Molecular epidemiology of 16S rRNA methyltransferase in Brazil: RmtG in Klebsiella aerogenes ST93 (CC4)

Abstract Aminoglycosides are a class of antibiotics that play a key role in antimicrobial treatment of Multidrug resistant (MDR) Gram-negative bacilli, typically in combination with β-lactams. Ribosomal 16S RNA modification by methyltransferases (e.g. RmtG) is an aminoglycoside resistance mechanism that, along with the occurrence carbapenem-resistant Enterobacteriaceae (CRE), has become a clinical concern. In Brazil, rmtG genes were initially reported in Klebsiella pneumoniae, and monitoring isolates from other species carrying this gene is critical for epidemiological studies and to prevent dissemination. Here we report the presence of rmtG in Klebisella aerogenes D3 and characterize its genetic context in comparison to isolates from other species. Further, we performed a phylogenetic reconstruction of 900 16S rRNA methyltransferases (16S-RMTases) and methyltransferase-related proteins. We show that, in K. aerogenes D3, rmtG co-occurs with sul2, near a transposon with an IS91-like insertion sequence. Resistome analysis revealed the co-production of RmtG and CTX-M-59. Ongoing surveillance of 16S-RMTases is crucial to delay the dissemination of such multiresistant isolates. Our results also highlight the reduction in treatment options for CRE infections, as well as the need of expanding prevention measures of these pathogens worldwide.

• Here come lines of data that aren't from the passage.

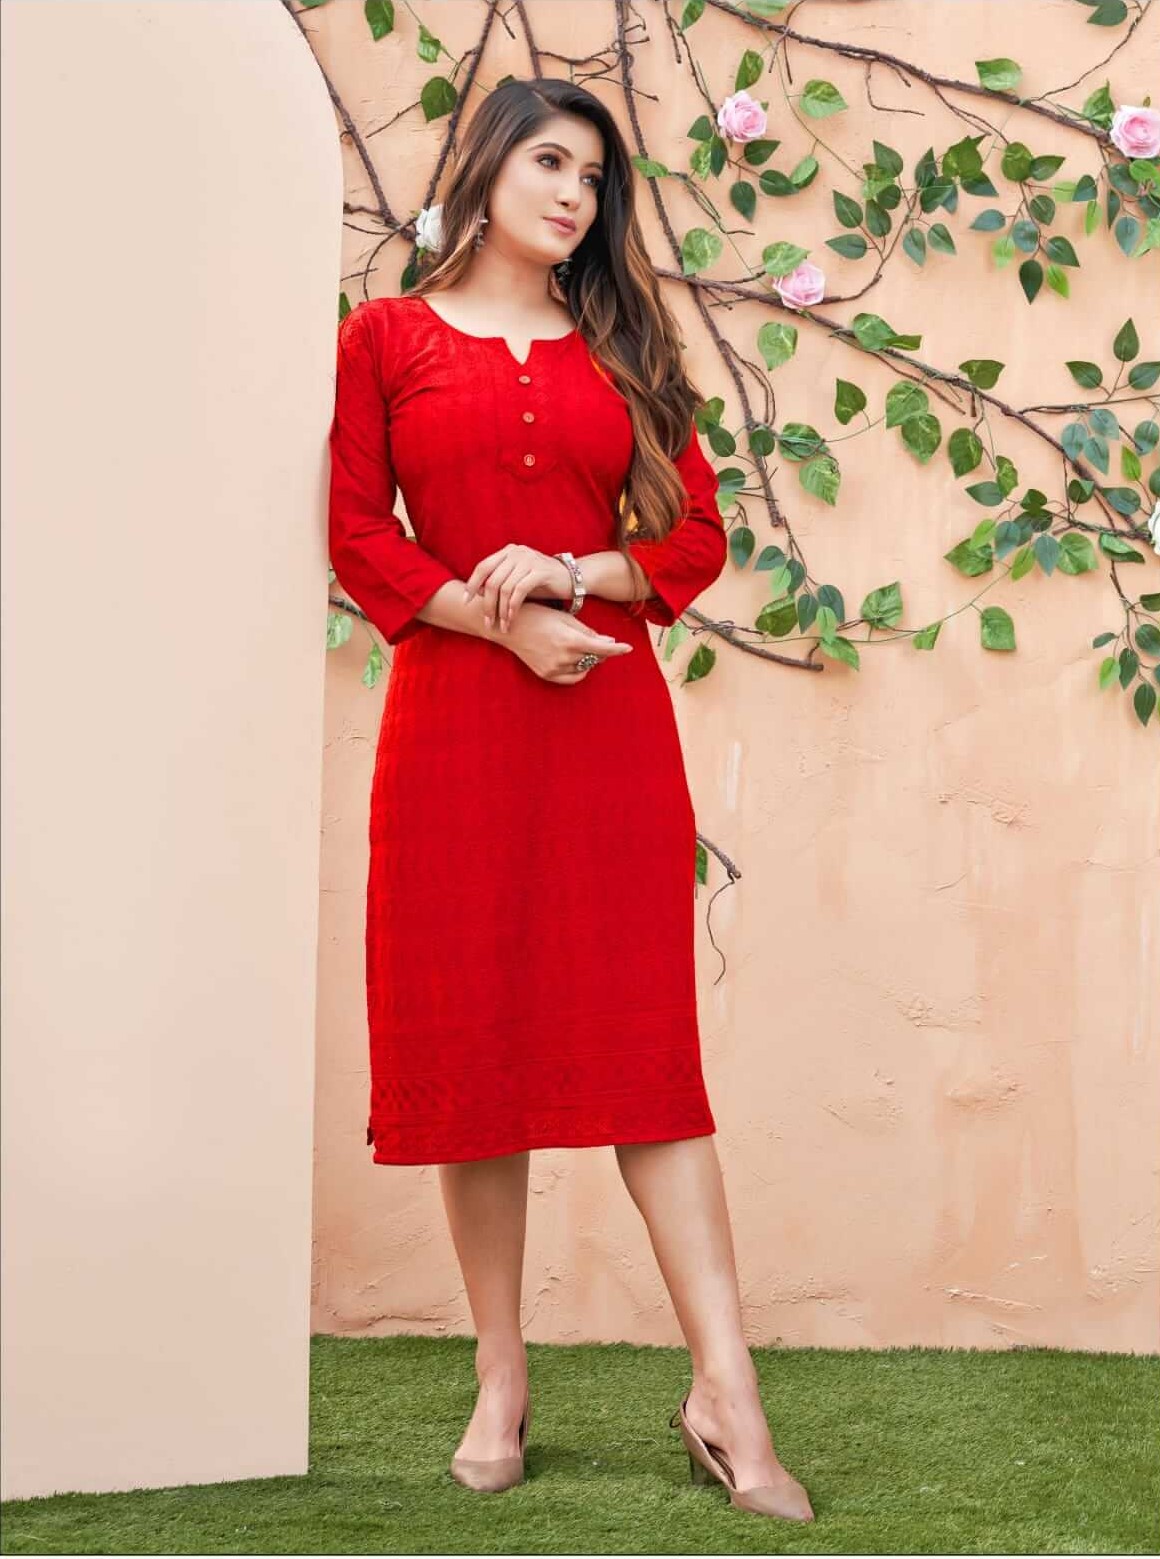 Catalogue - Gopi Chikan Collection in Balaganj, Lucknow - Justdial
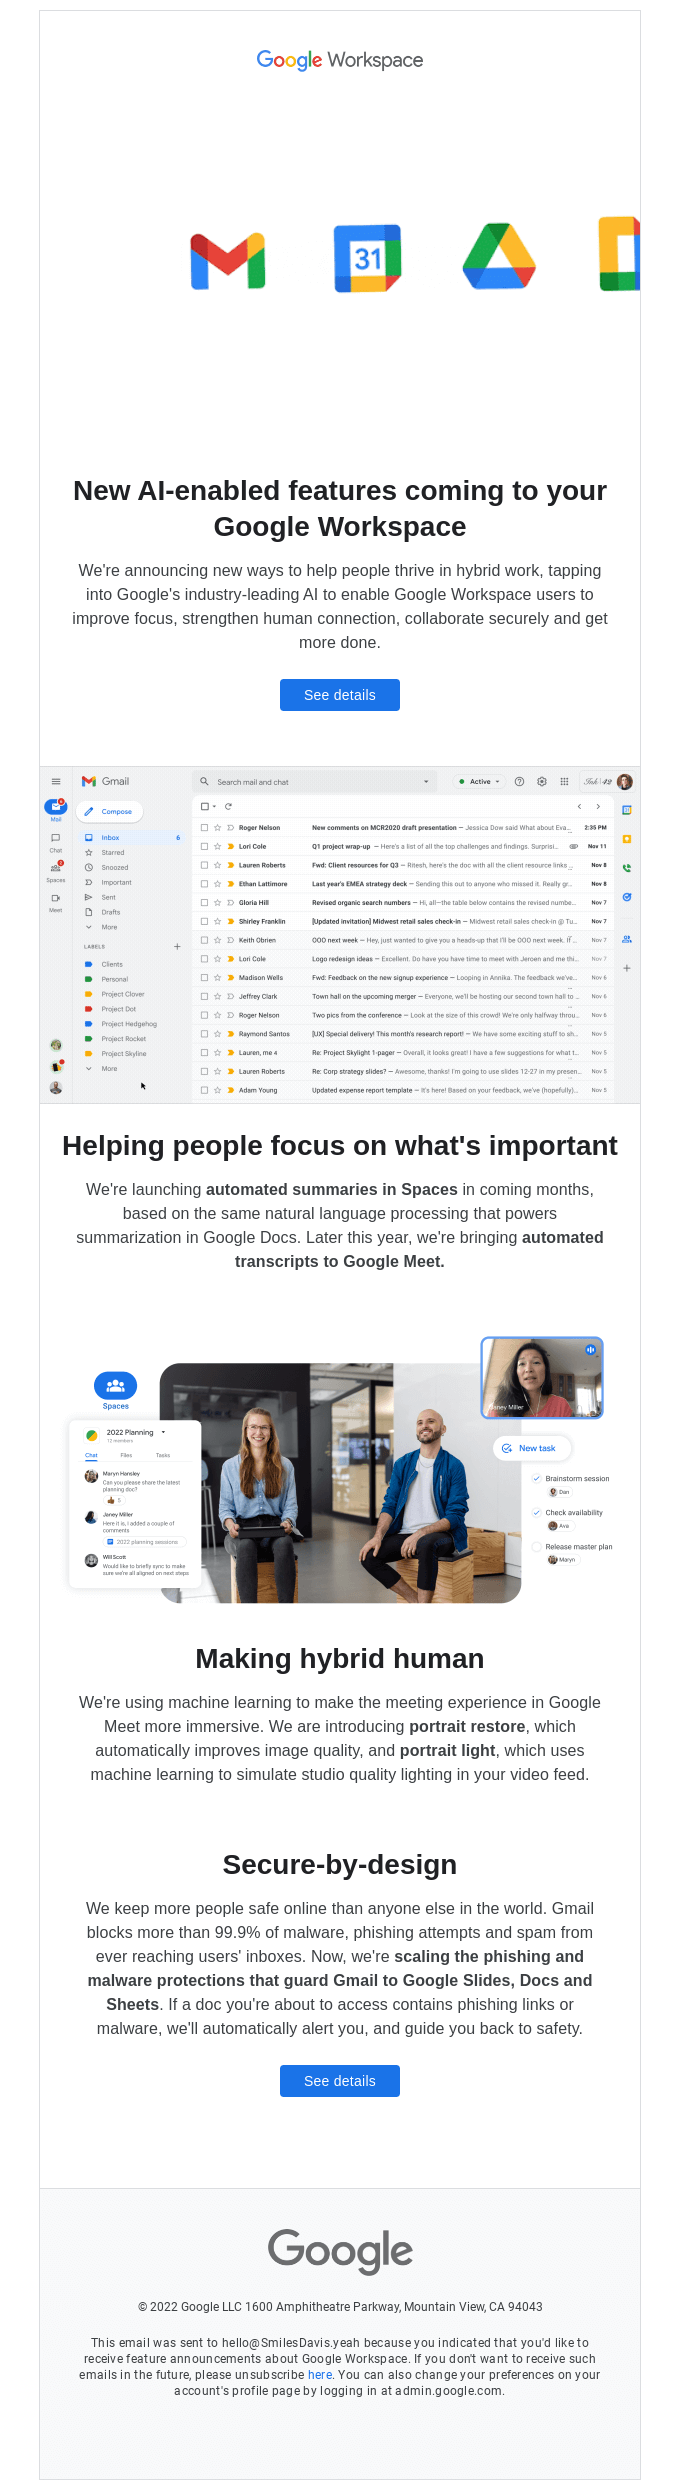 I/O 2022 announces new Google Workspace features - Google Email Newsletter
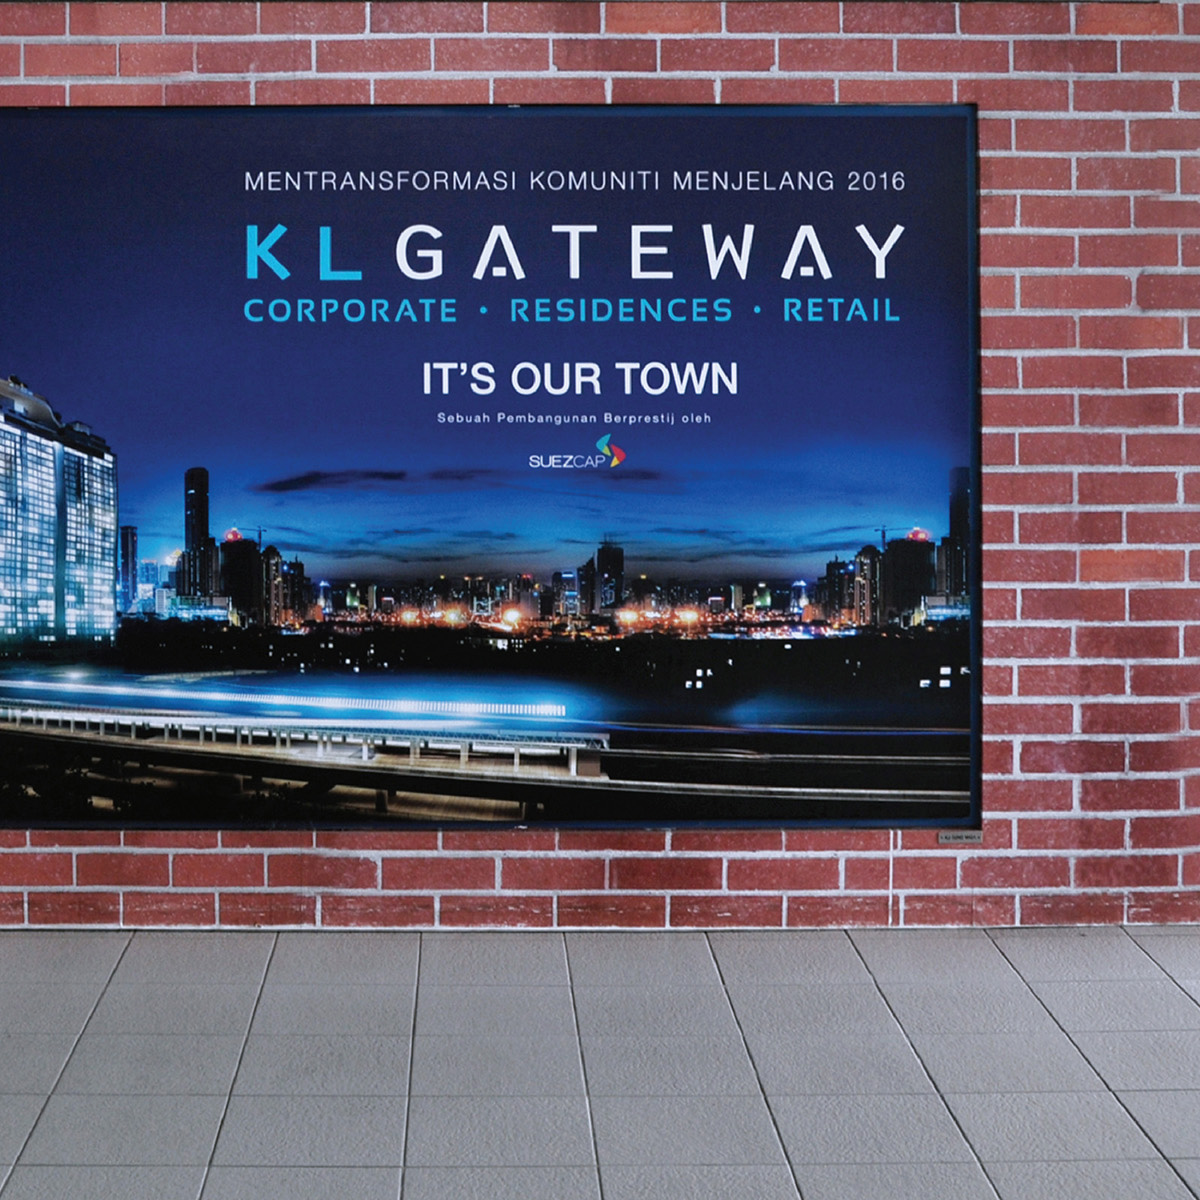 KL Gateway brand advertisement design in the train station display board showing new development facade at night with tagline
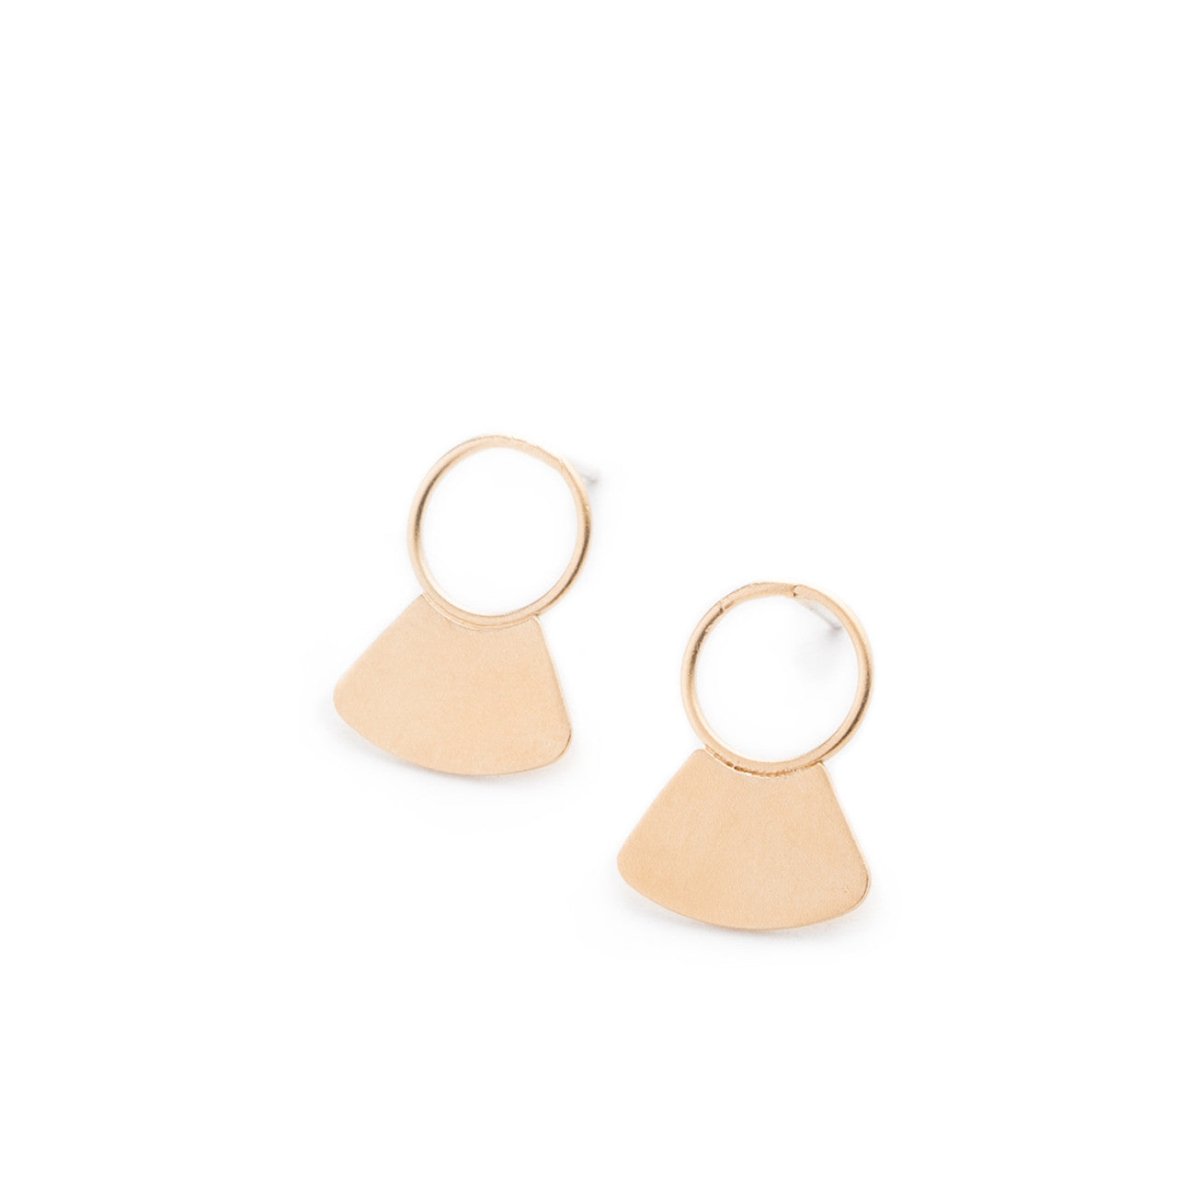 Small, 14k gold-plated studs, featuring a delicate, open circle with a solid fan shape at the base, and sterling silver earring posts. Hand-crafted in Portland, Oregon.
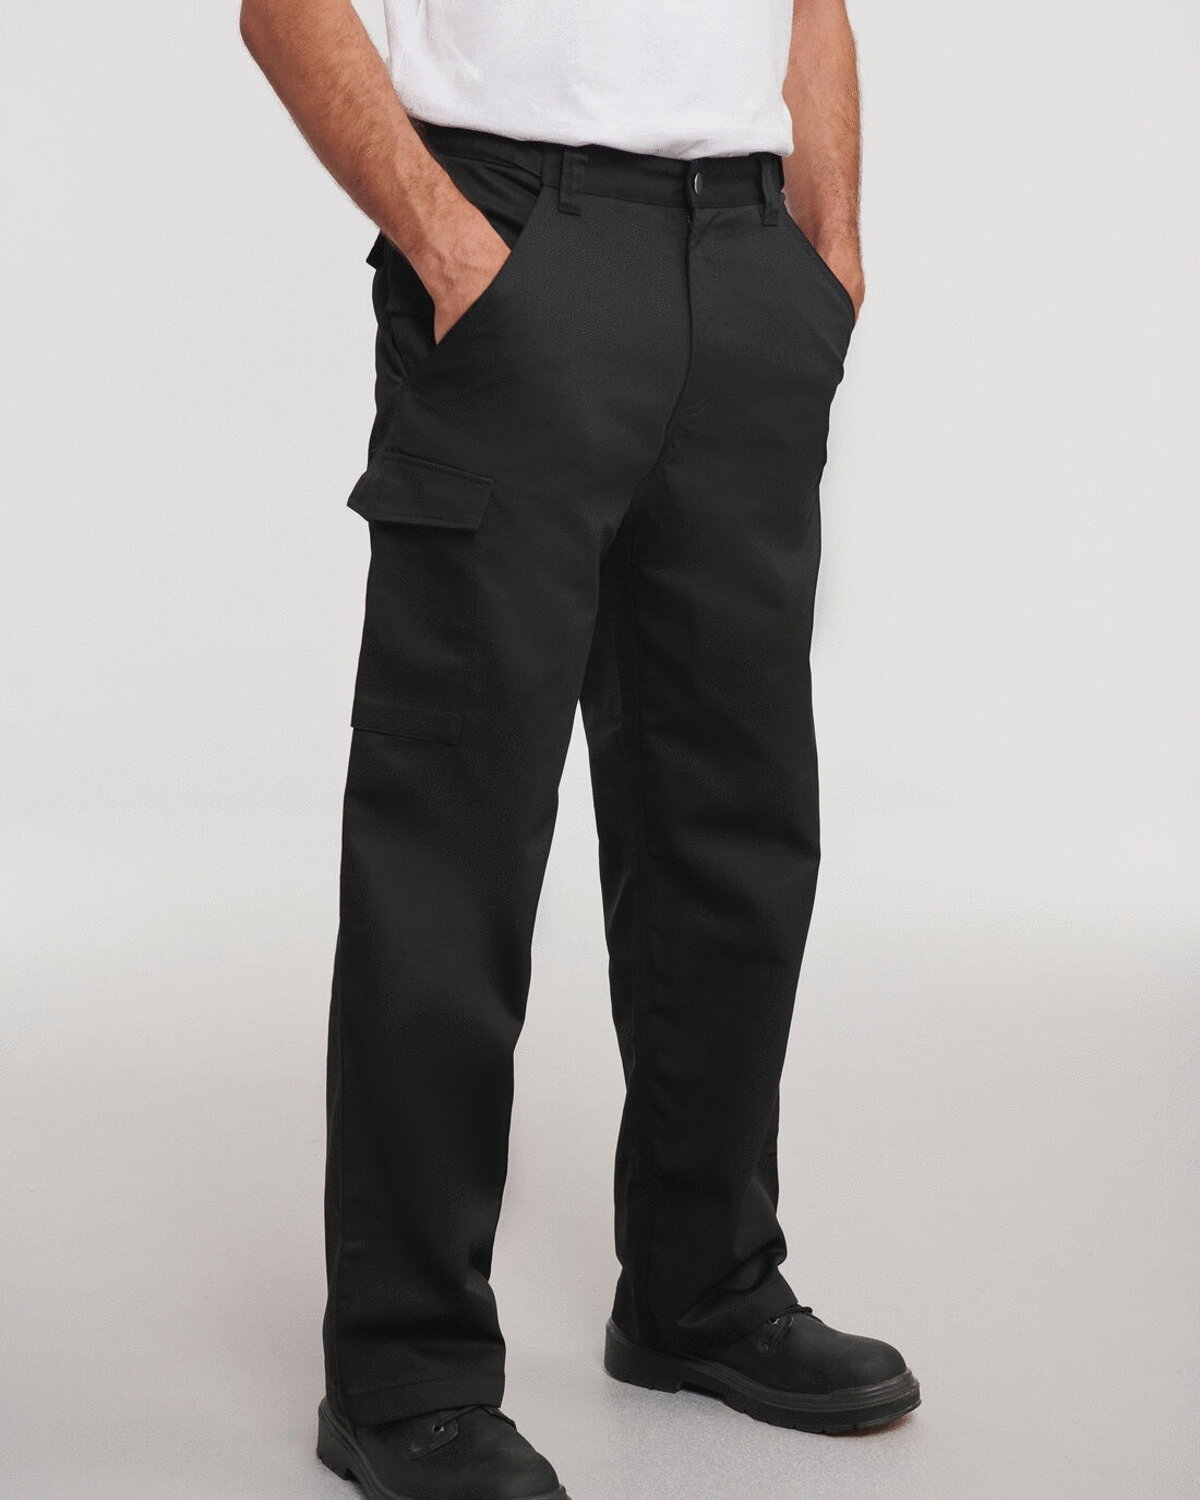 POLYCOTTON TWILL TROUSERS
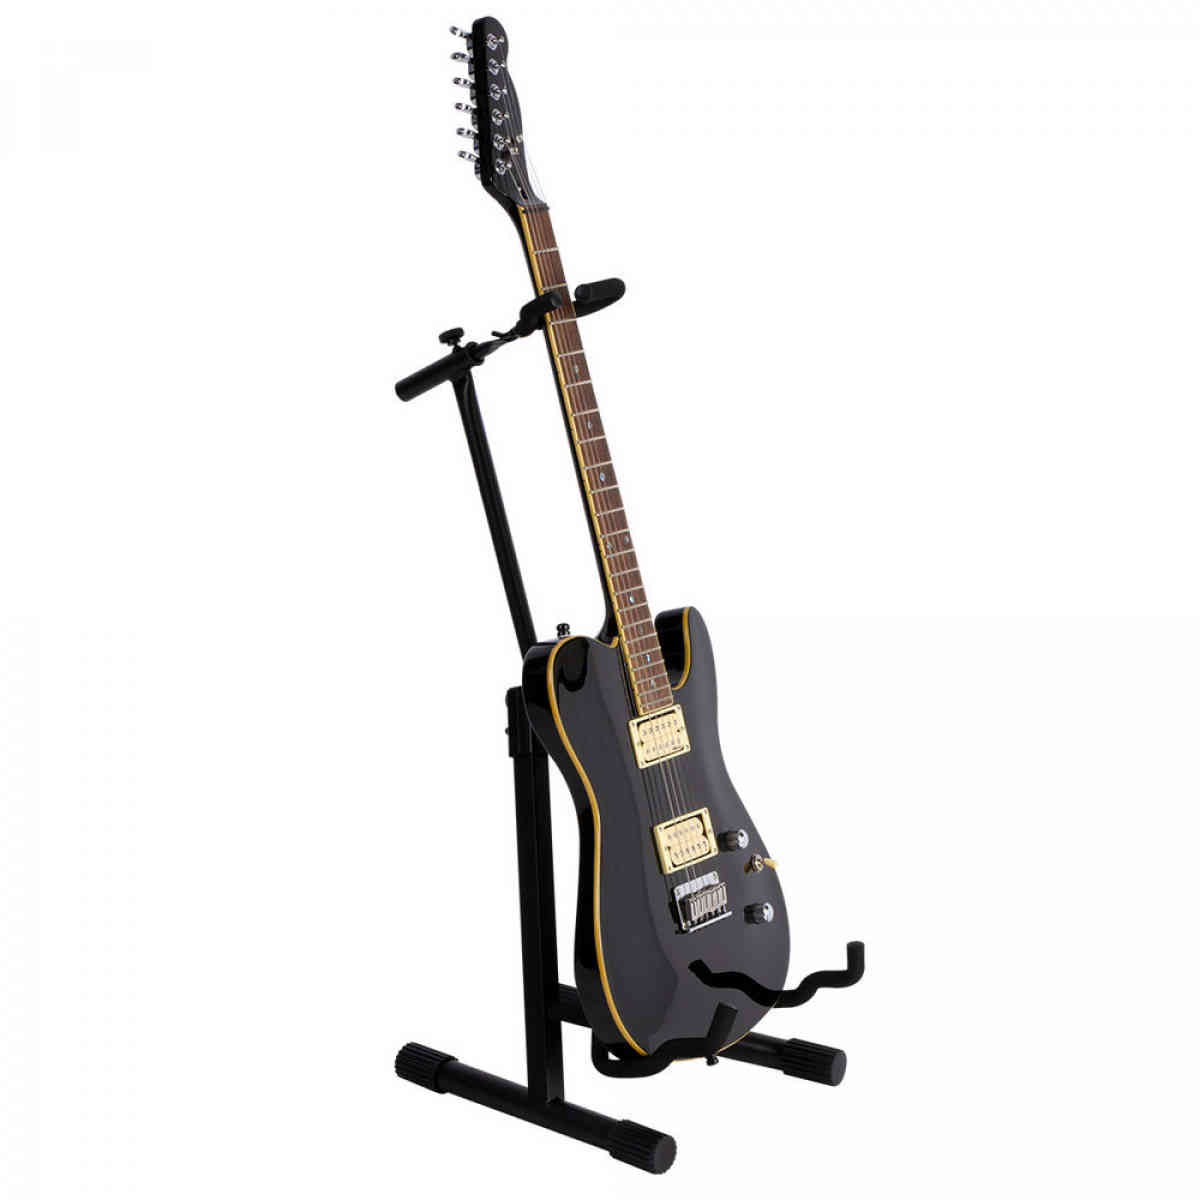 On-Stage GS7465 Professional Flip-It® A-Frame Guitar Stand

摘要：氨基糖苷类抗生素（Aminoglycosides）是一类在多重耐药（Multidrug resistant, MDR）革兰阴性杆菌的抗菌治疗中发挥关键作用的抗生素，通常与β-内酰胺类（β-lactams）联合使用。通过甲基转移酶（methyltransferases，如RmtG）对核糖体16S RNA进行修饰，是一种氨基糖苷类耐药机制，该机制与碳青霉烯类耐药肠杆菌科（carbapenem-resistant Enterobacteriaceae, CRE）的出现一同成为临床关注的焦点。在巴西，rmtG基因最初于肺炎克雷伯菌（Klebsiella pneumoniae）中被报道，对携带该基因的其他物种分离株进行监测对于流行病学研究及预防其传播至关重要。本研究报道了产气克雷伯菌（Klebsiella aerogenes）D3中rmtG的存在，并与其他物种的分离株对比，对其遗传背景进行了表征。此外，我们对900种16S rRNA甲基转移酶（16S rRNA methyltransferases, 16S-RMTases）及甲基转移酶相关蛋白进行了系统发育重建。结果显示，在产气克雷伯菌D3中，rmtG与sul2共存，并定位于带有IS91样插入序列的转座子附近。耐药组（Resistome）分析揭示了RmtG与CTX-M-59的共产生现象。持续监测16S-RMTases对于延缓此类多重耐药分离株的传播至关重要。本研究结果同时凸显了碳青霉烯类耐药肠杆菌科感染治疗选择的减少，以及在全球范围内加强此类病原体防控措施的必要性。